The cell temperature increased rapidly from days 0 to 12 (peak) and gradually decreased thereafter. The upper, middle, and lower layers of the fermented grains in the pit were selected for sampling. Days 0, 4, 8, 12, 20, 30, and 44 were selected as the sampling time points, and the positions were selected based on changes in cellular temperature [19]. Samples were obtained from different layers; three samples were collected at each point and mixed for further analysis by modification.

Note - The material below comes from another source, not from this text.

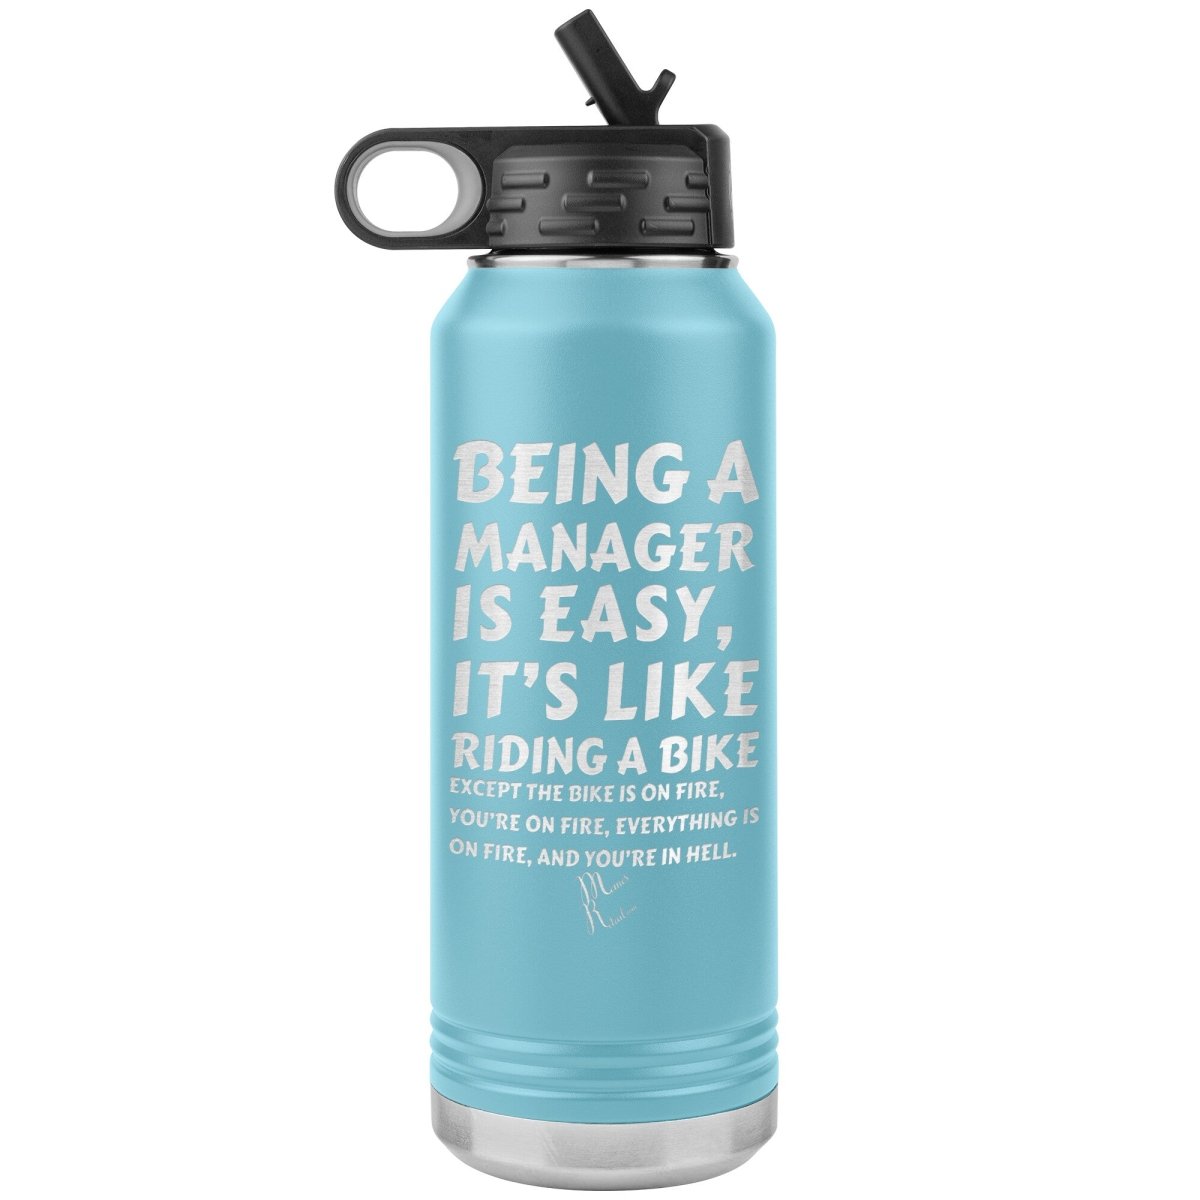 Being a manager is easy….32oz Water Tumbler, Light Blue - MemesRetail.com

2.3. Analysis of Glucoamylase and Liquefying Enzyme Activity and Volatile Compound Content in Grains During Fermentation

Glucoamylase and liquefying enzyme activities during fermentation were determined using methods described by Yang et al. [18]. Volatile compounds were analysed using headspace solid-phase microextraction, followed by gas chromatography–mass spectrometry (HS-SPME-GC-MS). Finally, a typical canonical correlation analysis was performed on the dominant microbes, enzymes, and volatile compounds using constrained correspondence analysis in the R vegan software package (version 1.17-3) [18,20]. The correlations between bacteria and fungi, as well as the saccharifying enzyme, liquefying enzyme, and protease activities in the fermented grains of Luzhou-flavour liquor, were analysed using constrained correspondence analysis in the R vegan software package [20].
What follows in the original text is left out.